Protein Snack Packs filled with hard-boiled eggs, almonds, hummus, and crunchy veggies. An easy and delicious lunchtime meal-prep solution perfect for any protein lover, these fantastic little protein snack packs are perfect for school lunches, post-workout snacks, or picnics in the park.
High Protein Snacks for Easy Lunch Time Meal Prep
We’ve all been there- Monday rolls around, you forgot to plan lunches and snacks for the week and the rest of the week is complete madness filled with take-out and junk food.
Ok, I exaggerate…
But one thing I have learned since meal prepping is that I am a much happier, healthier, and more productive mom, wife, and overall human being when I don’t have to think about what I’m going to prepare and feed my family multiple times each day.
One of the easiest things I have started meal-prepping is snacks and lunches. I’ve found that an assortment of different foods and textures, as well as a focus on snacks high in protein, is key when planning your own lunch or snack packs.

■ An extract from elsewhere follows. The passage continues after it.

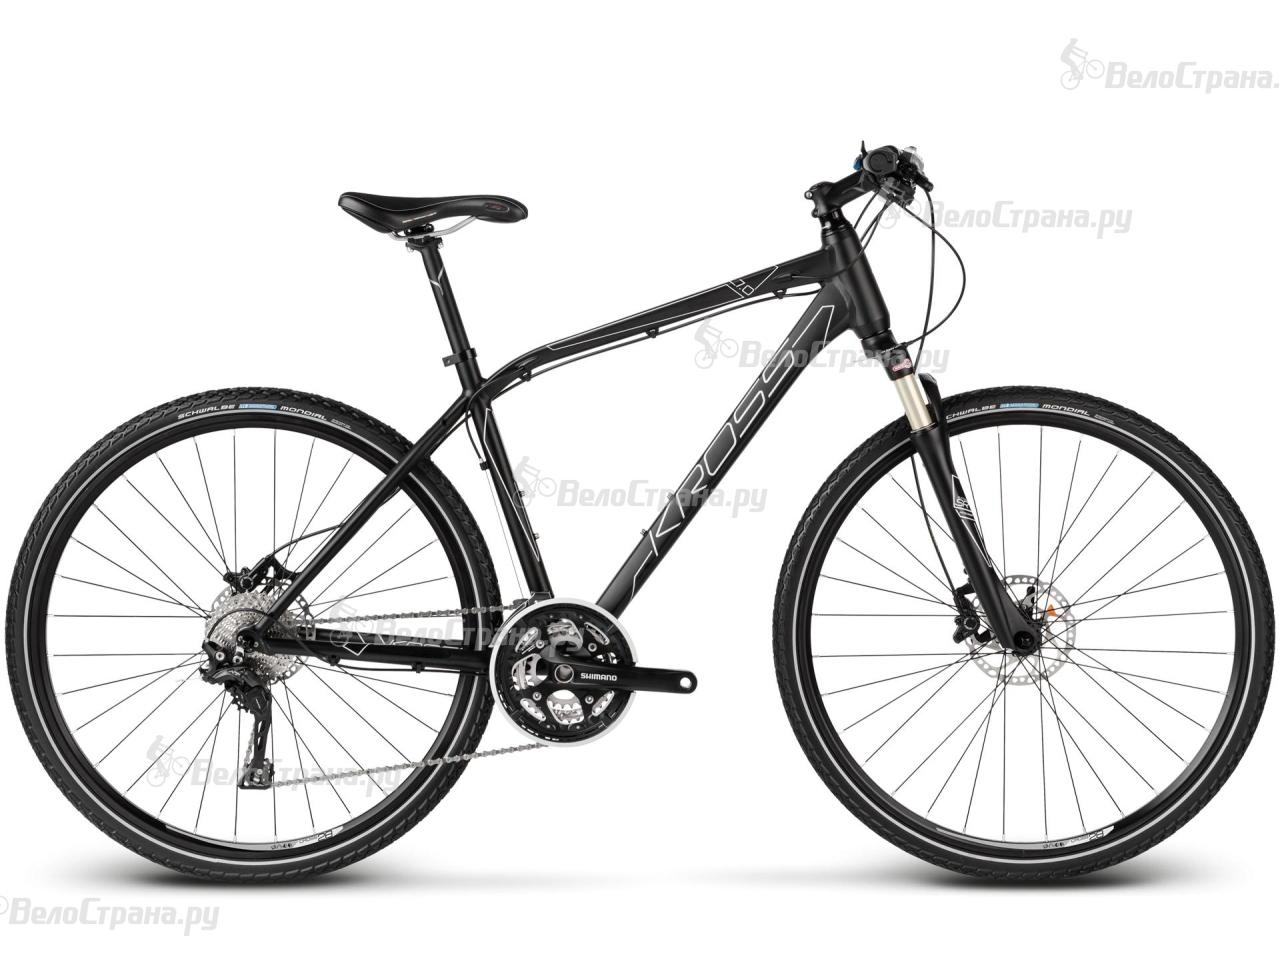 Велосипед Kross Evado 7.0 (2017) велосипед kross evado 1 0 lady 2017

Here are some of my favorite additions when making my own snack packs:
- Cheese cubes or string cheese
- Cherry tomatoes
- Hard-boiled eggs
- Deli meat
- Leftover chicken
- Chicken salad
- Sugar snap peas
- Mixed nuts
- Beef or turkey jerky
- Chickpeas (garbanzo beans)
Reasons to Try Making your own Meal Prep Snack Packs
- They’re not just for lunch. They really should be called the “anytime snack packs” since you can grab one anytime: lunch, post-workout, dinner, road trips, etc.
- Low in sugar. Filled with lots of high-protein goodies like hardboiled egg and deli meat and crunchy veggies to dip in hummus, I skipped the crackers and sugar-filled treats.
- They are so super easy to make. And even easier if you purchase eggs that have already been hardboiled and peeled or have some leftover chicken sitting in the refrigerator. Simply divide between trays and call it a day.
- Kids love them. Ok, I take that back…my child loves them. At least, he loves the meat, cheese, hummus, sugar snap peas, egg, and nuts (sometimes).
- Easily customizable. Don’t let me hold you back. If you want to add crackers or fruit or anything else that YOU love, do it!
Snack Pack Tools and Equipment
Meal Prep Bowls: These are my recommendations.
- Glass Meal Prep Containers with 2 Compartments– Having two compartments is perfect if you prefer to keep flavors separate from each other, or you want to prevent a sauce from making something soggy. These glass meal prep containers are freezable, microwavable, and dishwasher safe.
- Glass Meal Prep Containers with 1 Compartment– One giant compartment perfect for burrito bowls, leftover pasta, or this chicken fajita meal prep idea.
- For non-glass options, you can try these BPA-free Bowls or Single Compartment Containers.
Other Recommended Items:
- Plastic cups with lids– (if anyone knows of a more planet-friendly option, please let me know) – these little cups will keep things like salad dressing, sour cream, guacamole, etc. separate from the other food. This is especially important when meal prepping salad bowls as the last thing you want for lunch is soggy lettuce.
- Spork– Attach one to your keychain or backpack and take it everywhere.
- Reusable Insulated Water Bottle– I have several different brands. I have carried the same Kleen Kanteen for years, but I love my Insulated Rtic Water Bottle because it keeps ice frozen forever.
- Silicone Reusable Straw
Looking for more delicious meal prep ideas? Try these reader favorites:
- Chicken Teriyaki Meal Prep
- Chicken Fajita Meal Prep Recipe
- Meal Prep: Chicken Shawarma Quinoa Bowls
- Curried Chicken Salad Meal Prep
- Meal Prep Skillet Kielbasa with Bell Peppers
- Buffalo Turkey Meatballs with Easy Meal Prep Bowls
Have you tried making your own high-protein snack packs?
Tell me about it in the comments below! I always love to hear your thoughts. And tag me #theforkedspoon on Instagram if you’ve made any of my recipes, I always love to see what you’re cooking in the kitchen.
Protein Snack Pack - Lunch Meal Prep
- 1 1/4 cups hummus
- 1 1/4 cups mixed nuts
- 2 cups cheddar cheese (chopped into cubes)
- 12 ounces deli lunch meat
- 2 1/2 cups cherry tomatoes
- 2 1/2 cups sugar snap peas
- 1 large English cucumber (sliced)
- 5 eggs (hardboiled)
- Divide remaining ingredients- cheddar cheese, lunch meat, cherry tomatoes, sugar snap peas, English cucumber, and egg- among five Single Compartment Containers. Add one cup filled with hummus and one filled with nuts to each container. Seal and store in the refrigerator for up to 5 days. Enjoy!
(Nutrition information provided is an estimate and will vary based on cooking methods and specific brands of ingredients used.)